New Zealand Rugby supremo Steve Tew has announced he’ll step down as CEO later this year, ending a stint in rugby administration longer than the professional game itself. Tew was the main man at the Canterbury union when the game turned pro, and became the Crusaders first CEO until moving onto the national body in 2001, and moved into the top job following Chris Moller’s departure after the 2007 World Cup failure.
But before then Tew had already become a controversial figure; his role in the ‘clean stadia’ debacle saw New Zealand counted out of co-hosting rights of the 2003 edition of the showpiece, and his appointment was derided in some quarters about the ongoing “Canterbrisation” of the national game.

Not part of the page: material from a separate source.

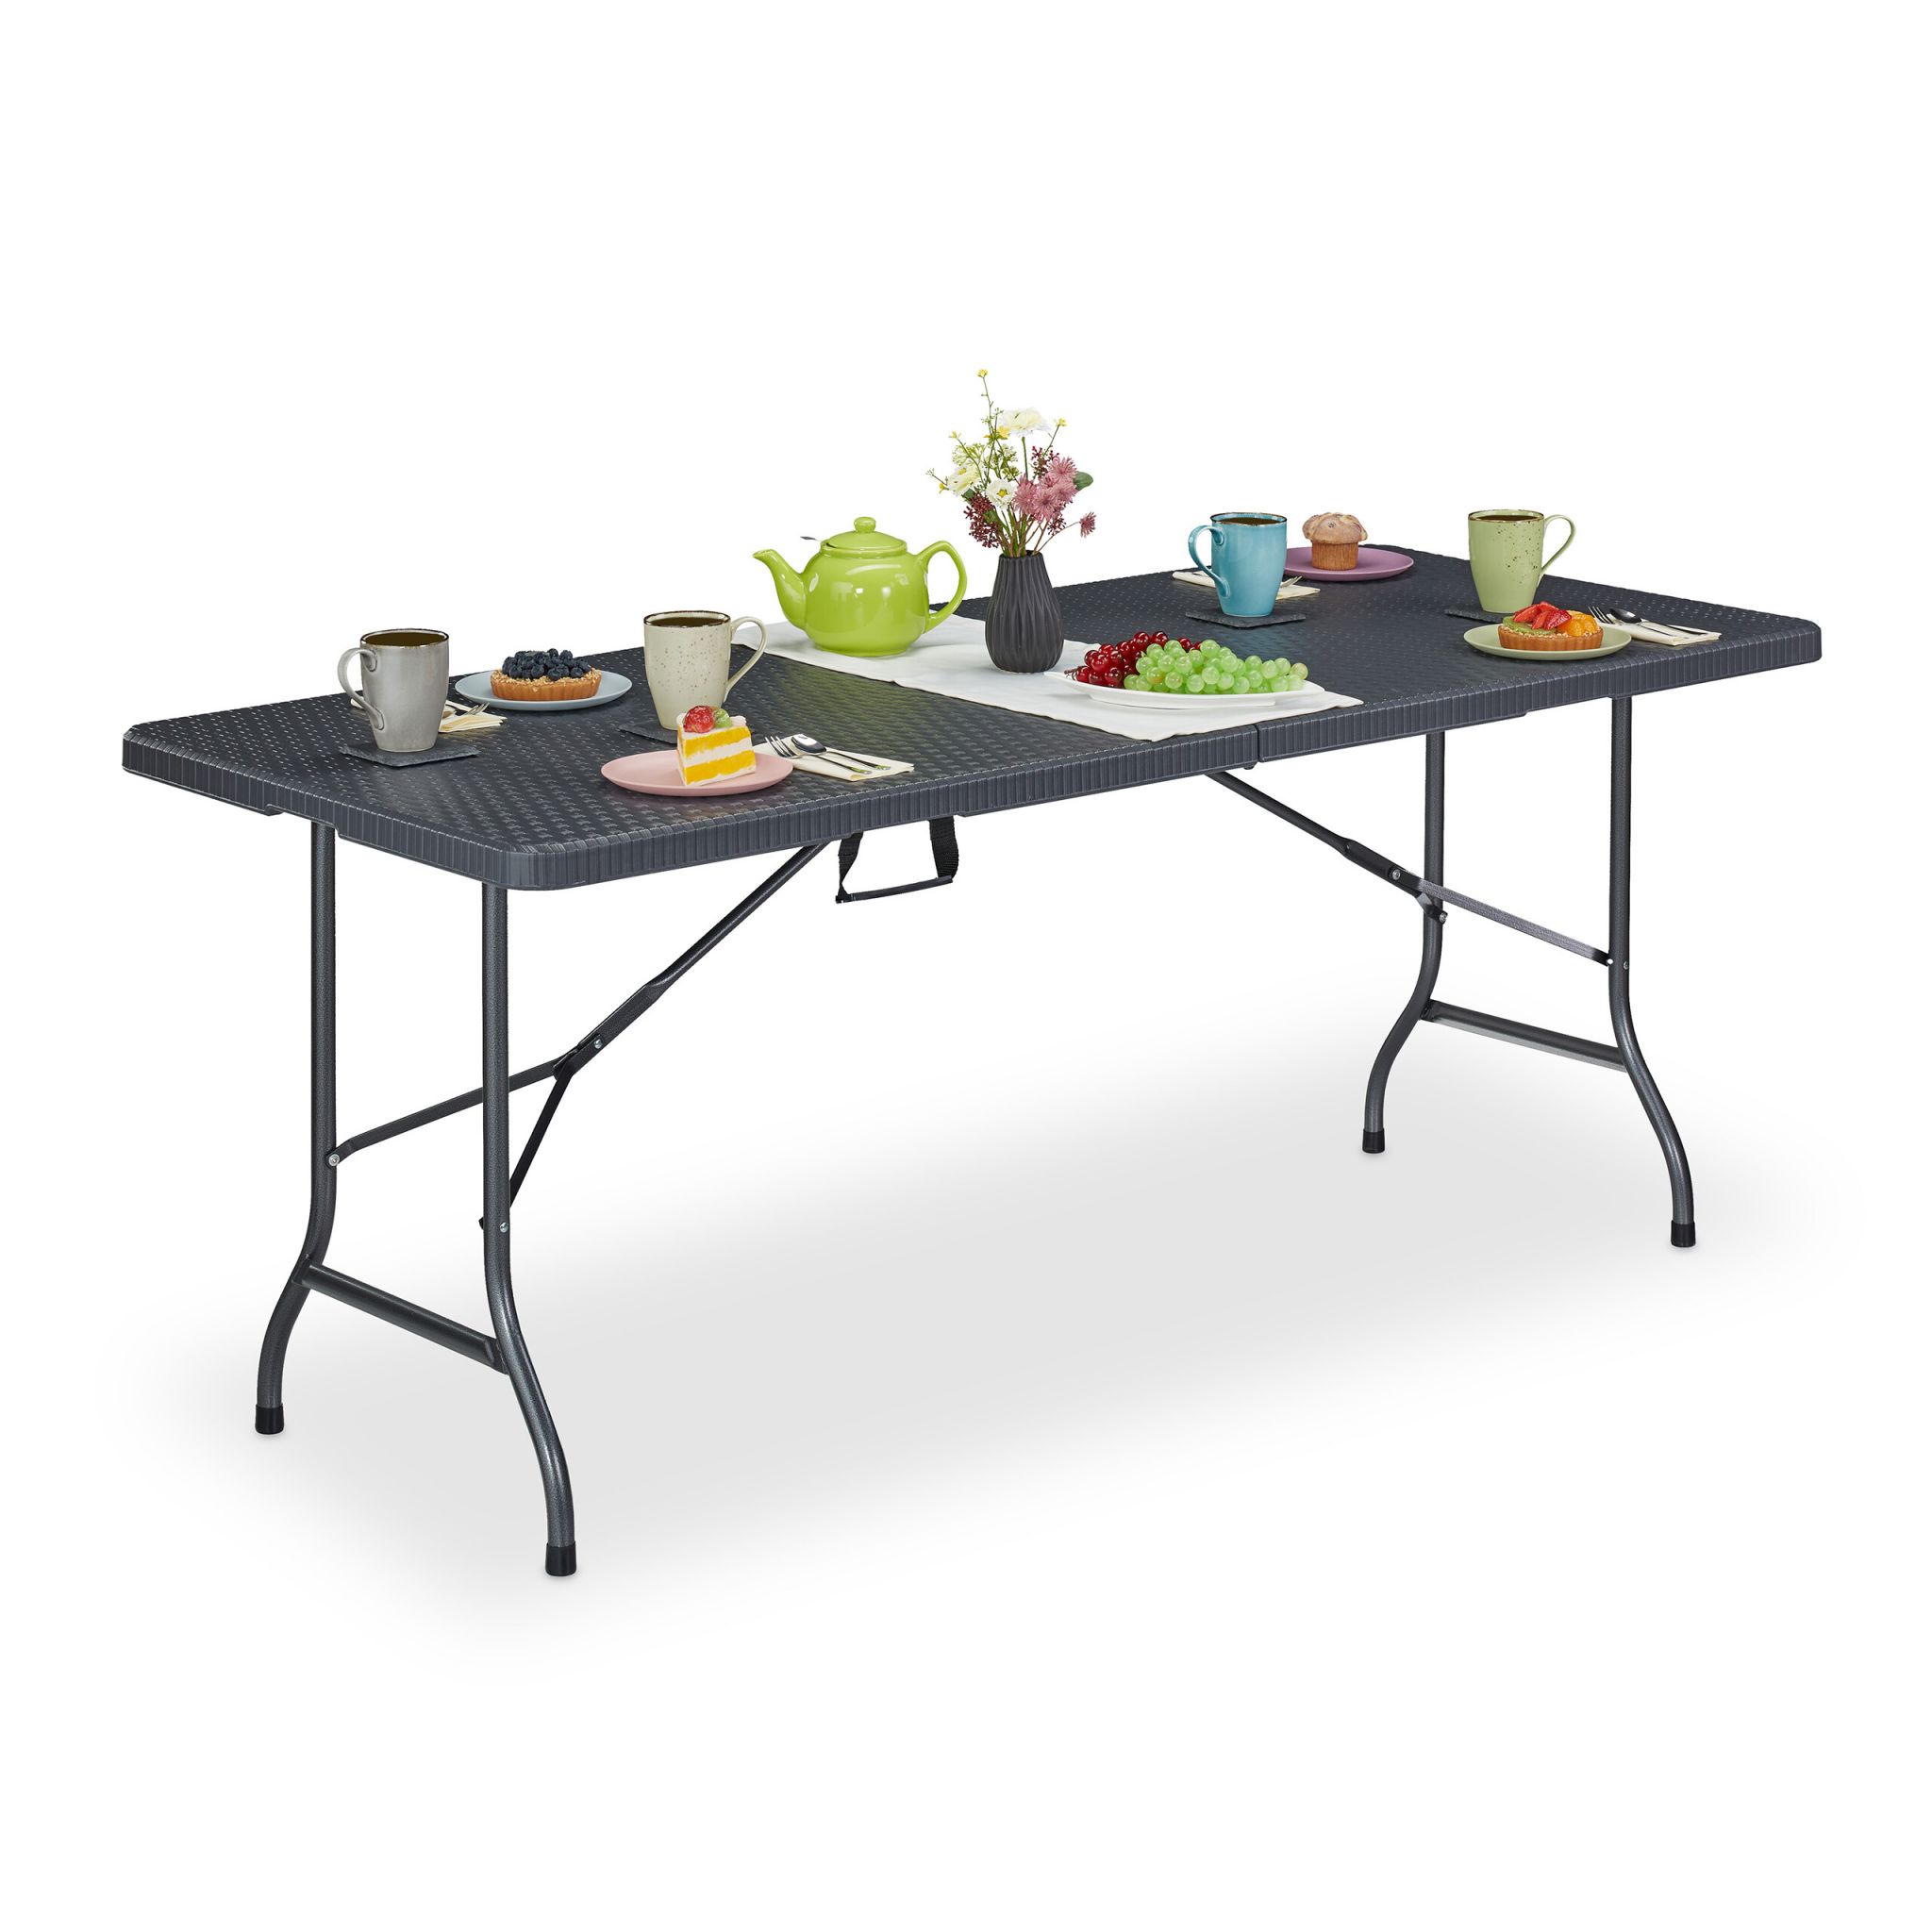 Záhradný stôl v ratanovom vzhľade, RD45721, sivá

Tew’s tenure has had some incredible successes. The hosting of the 2011 RWC and the “Stadium of Four Million” concept is the most notable, along with the All Blacks winning that tournament and then defending it in the UK four years later. There’s also two Sevens World Cups and five World Series crowns, two Women’s World Cups, two Women’s Sevens World Cups and four Womens World Series titles, and the continued dominance of Super Rugby and the Tri-Nations-cum-Rugby Championship.
The All Blacks have been the world’s number one side for most of that time, despite the constant lure of money overseas and turnover of players. And the quasi-central contracting model has meant New Zealand has avoided the “club vs country” battle that plagues the northern hemisphere (and now by extension South Africa and Argentina), particularly in England and France.
The growth of the Women’s game cannot be ignored either.
Tew has leveraged that success to off the field as well. Few recall that a decade ago NZ Rugby turned in a $16million loss on the back of the Global Financial Crisis, and the lucrative deals with Adidas and AIG have ensured the finances are in better shape than we he came in, and he oversaw the introduction of private investors into the ownership of the five Super Rugby franchises.
That AIG deal, and with it the conglomerates logo emblazoned on the All Black jersey, remains the most polarising move of his stewardship. Some saw its as a necessary step to keep New Zealand at the top of the game, others derided it as a sell-out to the history of the jersey – even if some of those same people saw no problem with the similar Steinlager branding of a generation ago.
His other area of controversy is the perception that having worn red and black has been a prerequisite for the main coaching jobs. Of the franchises only the Chiefs haven’t had a former Crusader in the head chair, and those of us in capital haven’t yet forgotten the period known as the “Hammett error”. And while not his fault, he has been party to the failed expansions of Super Rugby.
But go beneath the surface and there’s a raft of issues that Tew never successfully grappled with, and that his successor will have to.
Crowds attending games have fallen dramatically and it’s no longer a given that an All Blacks Test match will even sellout anymore, let alone a Super Rugby game. The Mens Sevens haven’t won a Series title in five seasons and there’s ample evidence that even non-rugby powerhouses haven’t just caught us in the shortened-form, but gone past us.
The further you get from the top of the table, the worse things become. The Mitre10 Cup has continued to decline in the public’s conscious, and you can make a good argument that Tew’s tenure has ultimately treated it as nothing more than a Super Rugby feeder.
But below that is the damning indictment that the game at the grassroots level the game is in real trouble. Clubs everywhere are struggling, both for money and keeping players in the game. Junior numbers remain strong, but the fall-off from there into school rugby and then again once they leave secondary education is precipitous. And even the school game has become about the elites; it’s a sad state of affairs when the National 1st XV title can only be realistically won by about a dozen schools across the country and as we saw with the St Kentigern’s saga NZR was rather mute when it came to criticising those who do much of the heavy lifting on developing their future talent for them.
Ultimately Tew’s legacy will be maximising those commercial opportunities, but also the neglect of rugby’s base. Who is successor is and how they go about addressing that will be critical to ensuring that the National Game remains that.